What does 'Foaming Burbles' mean in the next sentence from the 'Harry Potter: Goblet of Fire', page 153

The principal’s latest accusation was that Brilly had put Foaming Burbles in all the school toilets.

I understand that Foaming means 'produce foam', but what about 'burbles'?

  • It's not English.
    – Colin Fine
    Oct 1, 2022 at 14:30
  • I'd guess it's a brand of bubble bath, or whatever the witchy equivalent is.
    – Stuart F
    Oct 1, 2022 at 22:13

2 Answers 2


Your guess is as good as mine. It is a made up word, made up by JK Rowling for a product that exists only in the fantasy world of Harry Potter.

It seems to be onomatopoeic: it is something that makes a sound like "burble", and produces (large amounts?) of foam, so it is probably a prank product.


This isn't actually a sentence from Harry Potter and the Goblet of Fire; rather, it is one of the sample sentences from The Unofficial Harry Potter Vocabulary Builder, by Sayre Van Young. Each entry consists of a word, its pronunciation and meaning, a page reference to where the word can be found in the Harry Potter series, and a sample sentence showing usage of the word.

In this case, accusation is found on page 153 of the American edition:

“Now, Mum,” said Fred, looking up at her, a pained look on his face. “If the Hogwarts Express crashed tomorrow, and George and I died, how would you feel to know that the last thing we ever heard from you was an unfounded accusation?”

Everyone laughed, even Mrs. Weasley.

The sample sentences are presumably creations of the book's author, Sayre Van Young; the foreword to the book hints that by reading all the sample sentences, you can piece together hints towards a larger story.

Those of you who look up more than one or two words will soon realize there's a story going on here, and you may wonder what happens to Brilly, Willow, Annie, Tamika, Ravi, and all the other characters mentioned (especially the evil Blackpool).

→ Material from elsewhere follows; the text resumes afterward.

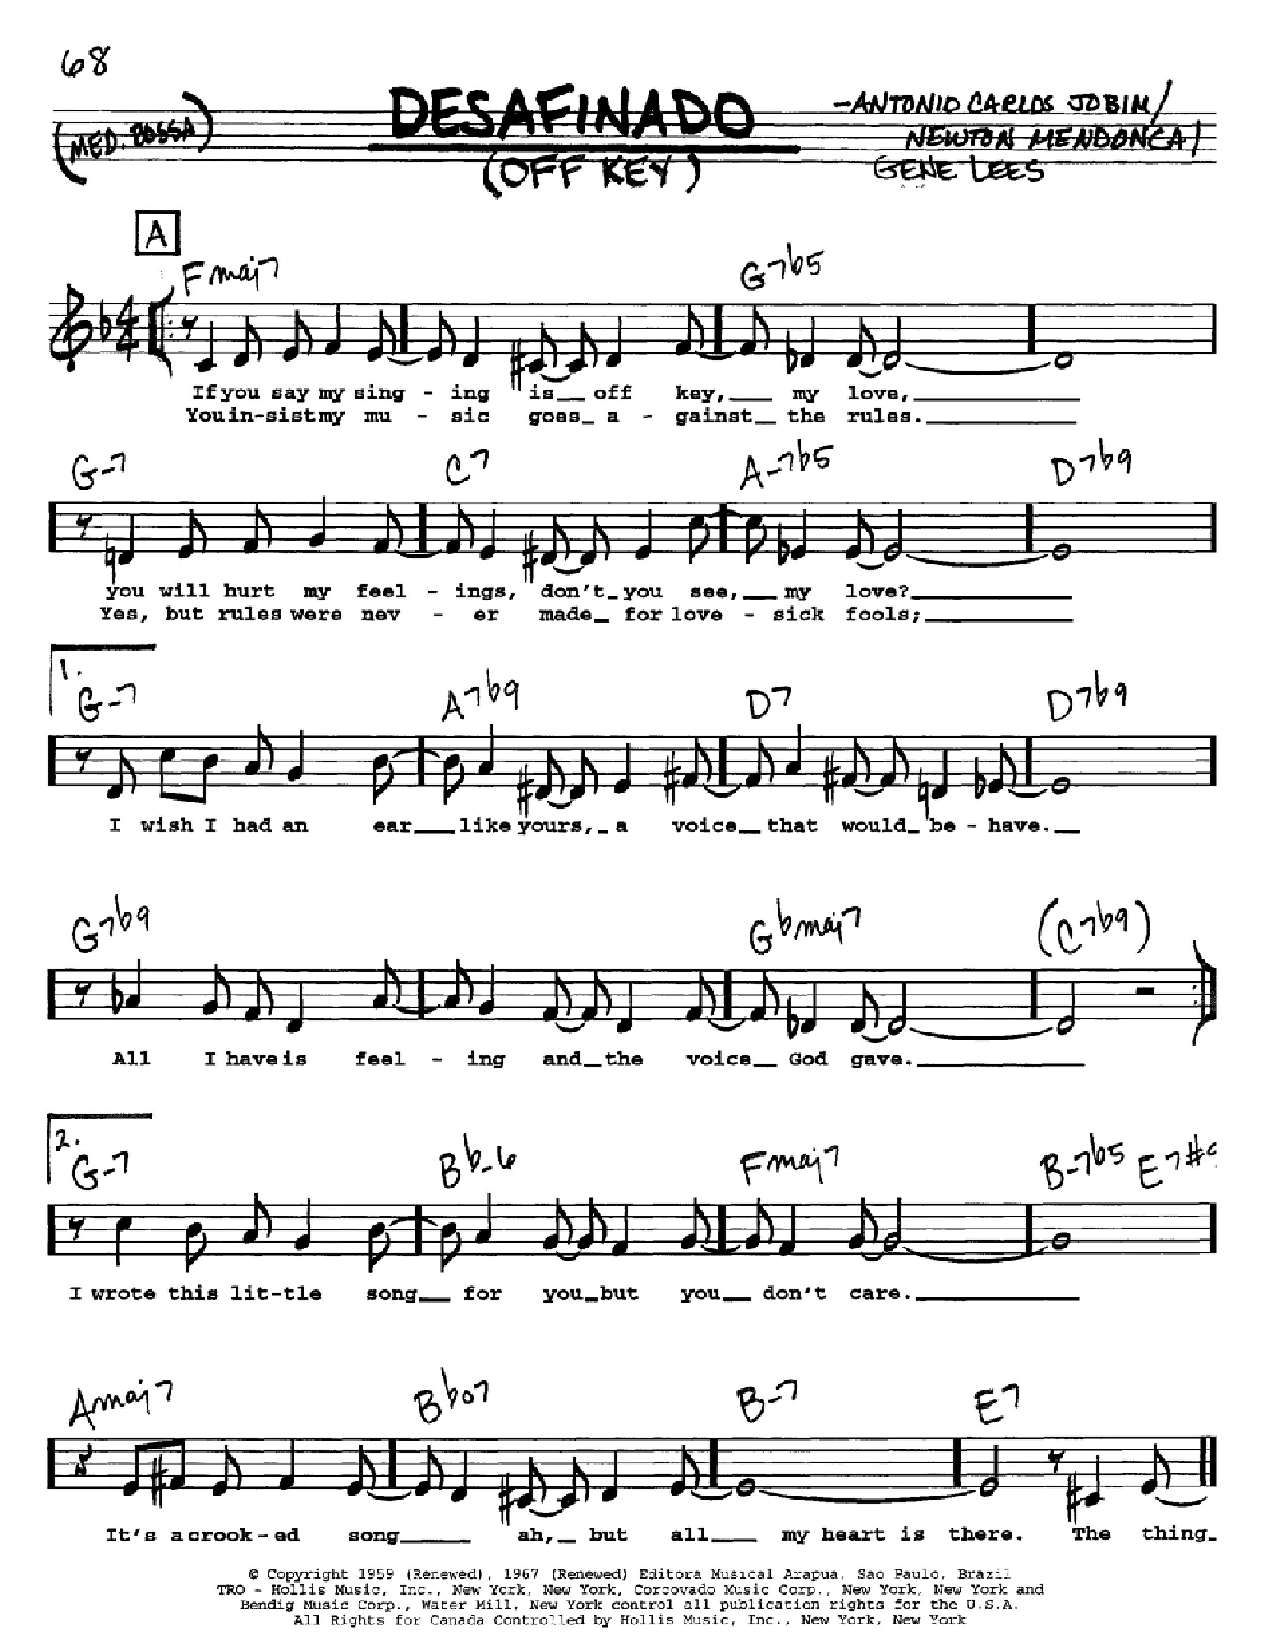 Antonio Carlos Jobim Desafinado (Off Key) Sheet Music Notes & Chords for Easy Guitar Tab - Download or Print PDF

Check out the Epilogue at the end of the book.

Foaming Burbles, therefore, are an invention by Sayre Van Young of something that would feel at home in the Harry Potter universe. Presumably, as mentioned in the other answer, they are some kind of wizarding prank, likely something Brilly would have bought from Fred and George's joke shop. They show up at least once more in another sample sentence:

The tuba players in the school marching band began to break ranks as their bewitched tubas suddenly sprouted giant fountains of Foaming Burbles.

The use of capital letters implies that Foaming Burbles is a brand name - so these are probably a specific product that you can buy in a joke shop.